The Applicant has found it difficult to apply the teachings of aforesaid WO2009/156175 to eliminate or suppress the pressure variations that originate from the supply system. For example, it is non-trivial to utilize a library of predicted signal profiles if the supply system is operated independently of the EC blood circuit and information about the operational state of the supply system is unavailable or incomplete. Furthermore, the use of predicted signal profiles is likely to result in insufficient removal of pressure variations that are non-repetitive or random, no matter if the predicted signal profiles are generated by reference measurements before the treatment, by reference measurements using a system pressure sensor in the EC blood circuit during the treatment, or by simulations. Furthermore, there are EC blood circuits that have no system pressure sensor.
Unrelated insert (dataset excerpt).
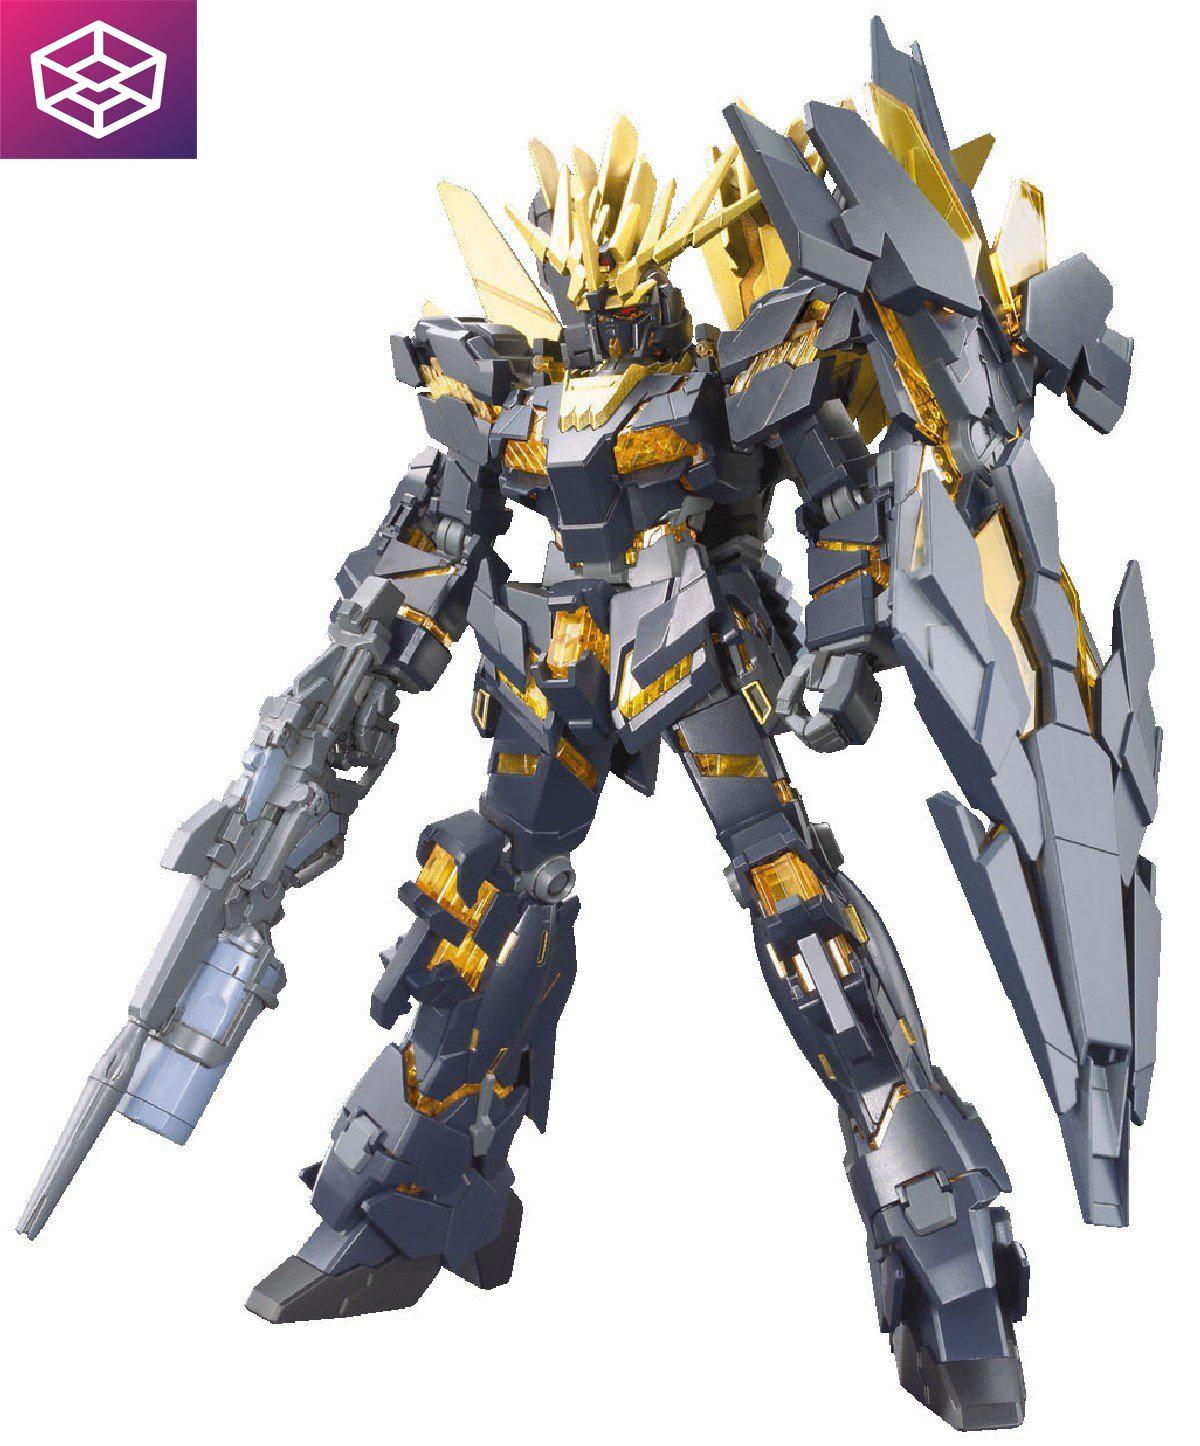 Hình ảnh Mô Hình Lắp Ráp Gundam Daban HG Banshee Norn Destroy Mode [3RD-GD]

Recently, it has also been shown to be possible to monitor and analyze the behavior of physiological pressure generators such as the heart or respiratory system, based on pressure recordings in the EC blood circuit. Various applications are found in WO2010/149726, WO2011/080189, WO2011/080190, WO2011/080191 and WO2011/080194.
Furthermore, WO2011/080188 proposes a technique for identifying and signaling a reverse placement of the devices for blood withdrawal and blood reintroduction in the vascular access by detecting and analyzing physiological pulses in a pressure signal recorded in the EC blood circuit.
All of these monitoring techniques presume that the physiological pulses can be reliably detected in the pressure signal.